27

I'm trying to make a shallow copy of a HashSet of Points called myHash. As of now, I have the following:

HashSet<Point> myNewHash = (HashSet<Point>) myHash.clone();

This code gives me an unchecked cast warning however. Is there a better way to do this?

Tim
  • 4,295
  • 9
  • 37
  • 49

2 Answers2

51

You can try this:

HashSet<Point> myNewHash = new HashSet<Point>(myHash);
Ted Hopp
  • 232,168
  • 48
  • 399
  • 521
  • 2
    yet this code is equal to `addAll(myHash)`, so it iterates over the collection and adds every element by hand, while `clone()` does a faster recreation of the underlying Map using package-private method `putMapEntries()` ... *sigh* that's exactly why I wrote my own HashMap/HashSet ages ago, and that's exactly why so many Collection replacements exist to day... –  Apr 07 '15 at 02:07
  • @vaxquis - Yes, Oracle's implementation for this constructor simply creates an empty `HashSet` and then calls `addAll`. The only differences between using the constructor and calling `addAll` by hand are readability and that the constructor packages up the capacity calculation to achieve the desired loading factor of 0.75. Do you have any performance data regarding your approach versus the stock constructor? – Ted Hopp Apr 07 '15 at 11:11
  • @TedHopp yup, I had a bottleneck in my parser engine, and it boiled down to HashMap efficiency. Replacing HashMap-based HashSet with a real one (not storing the value, only the key), replacing both with a custom-tailored versions with e.g. unsafe iterators, providing a *real* immutable versions (doing precalcs on data, possible because of using with builder pattern) of them and doing set/map copying by means of System.arraycopy(). Got 20% performance boost, that's good enough for me. Also, as a side note, Microsoft/C# uses higher load factors, up to 1.0, for some data sets it's quite better. –  Apr 07 '15 at 13:13
  • @vaxquis - 20% performance improvement is huge; well done. For some reason, the Java team decided to make the 75% load factor part of the spec. They did provide a two-argument constructor that allows controlling the load factor of the new `HashSet`. Using `clone()` will preserve whatever loading factor happened to be in effect with the original set (good or bad). – Ted Hopp Apr 07 '15 at 15:32
  • @TedHopp it's just that `java.util` sucks in terms of speed, and it's not even remotely hard to beat it, being far from the tuning of e.g. C++ stdlib - I made only some simple hacks, while e.g. Trove guys (http://trove.starlight-systems.com/) did all what I did and a lot of more, their code can get even 2x-3x faster in some situations AFAIR. http://stackoverflow.com/questions/629804/what-is-the-most-efficient-java-collections-library clearly shows there's a good room for Collections improvement. –  Apr 11 '15 at 21:44
12

A different answer suggests using new HashSet<Point>(myHash). However, the intent of clone() is to obtain a new object of the same type. If myHash is an instance of a subclass of HashSet, any additional behavior added by subclassing will be lost by using new HashSet<Point>(myHash).

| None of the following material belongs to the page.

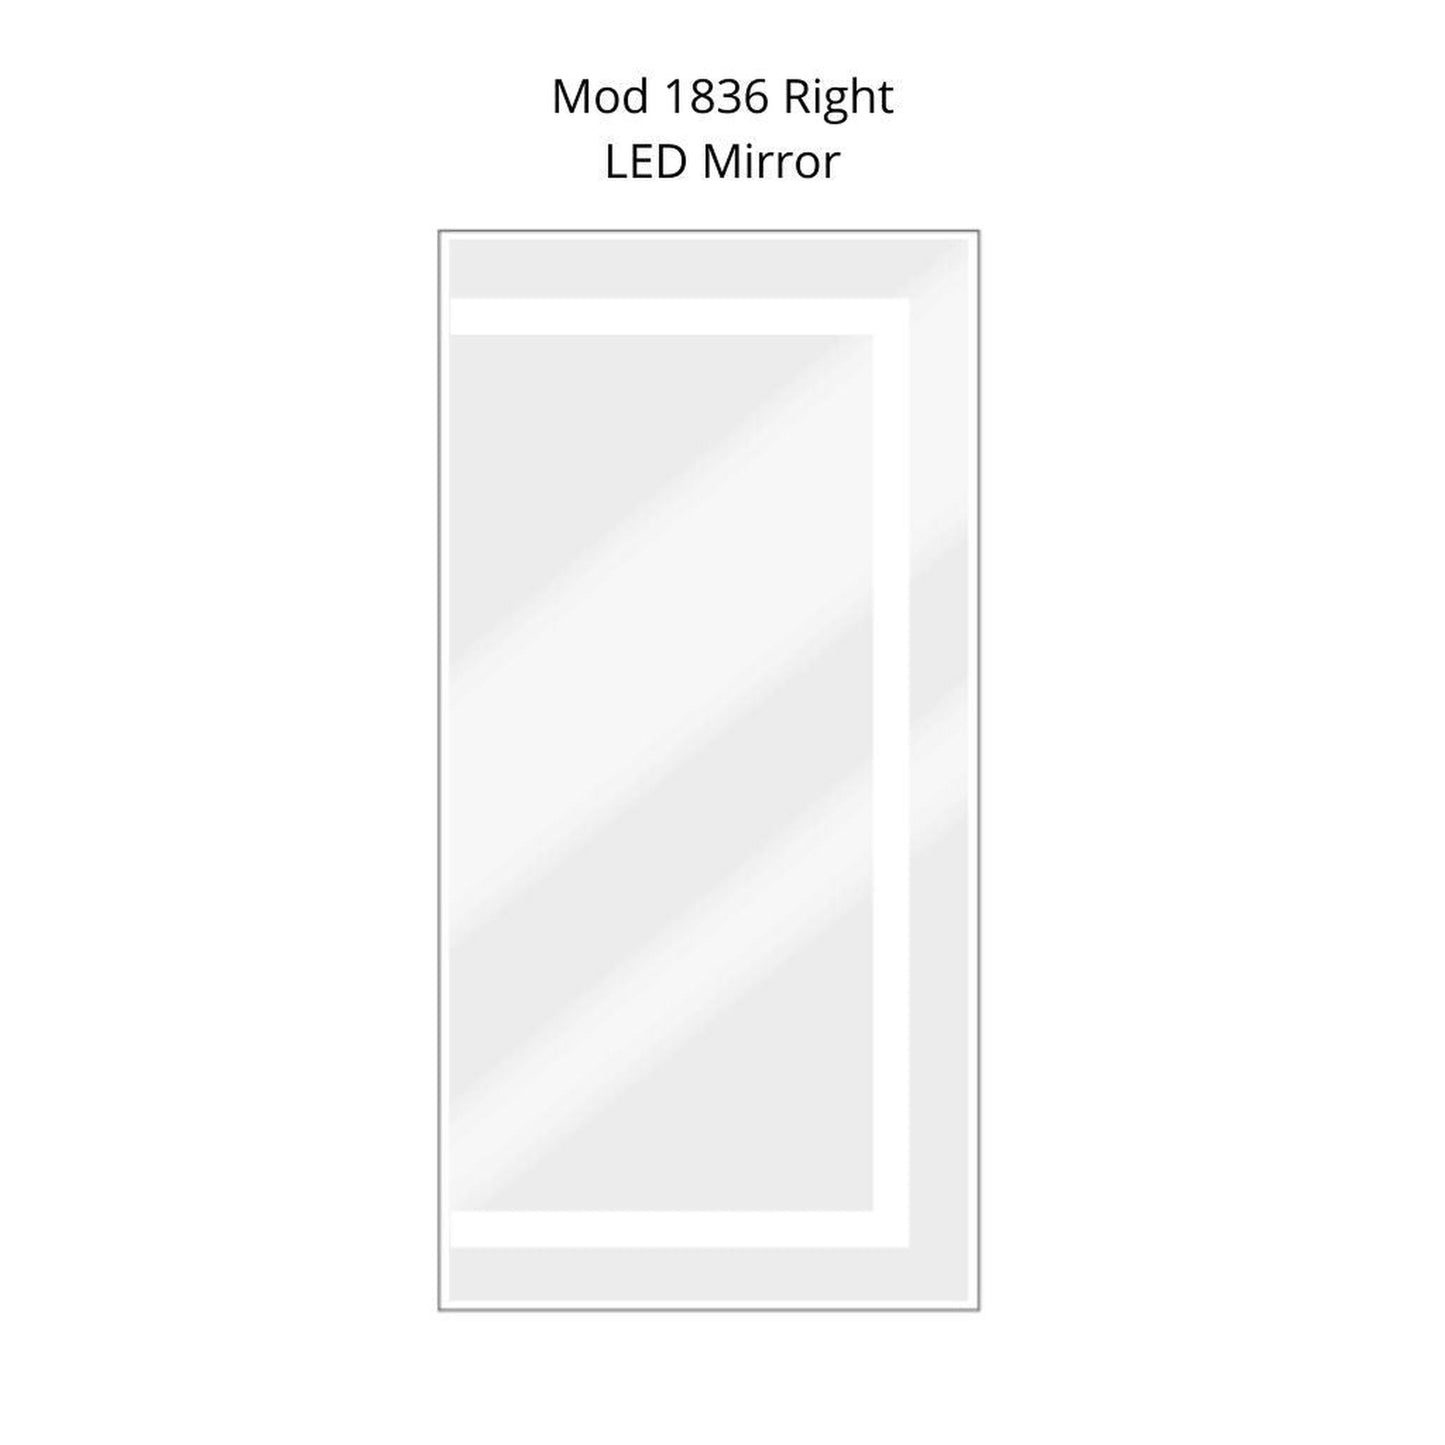 Krugg Reflections Mod 18" x 36" 5000K Rectangular Right Configuration Wall-Mounted Silver-Backed LED Bathroom Vanity Mirror With Built-in Defogger and Dimmer

An unchecked cast warning is just a warning. There are many situations in which the cast is safe, but the compiler just isn't smart enough to determine that it is safe. You can, however, isolate the warning into a single method that can be annotated with @SuppressWarnings("unchecked"):

@SuppressWarnings("unchecked")
static <T implements Cloneable> clone(T o) { return (T)(o.clone()); }
Atsby
  • 2,277
  • 12
  • 14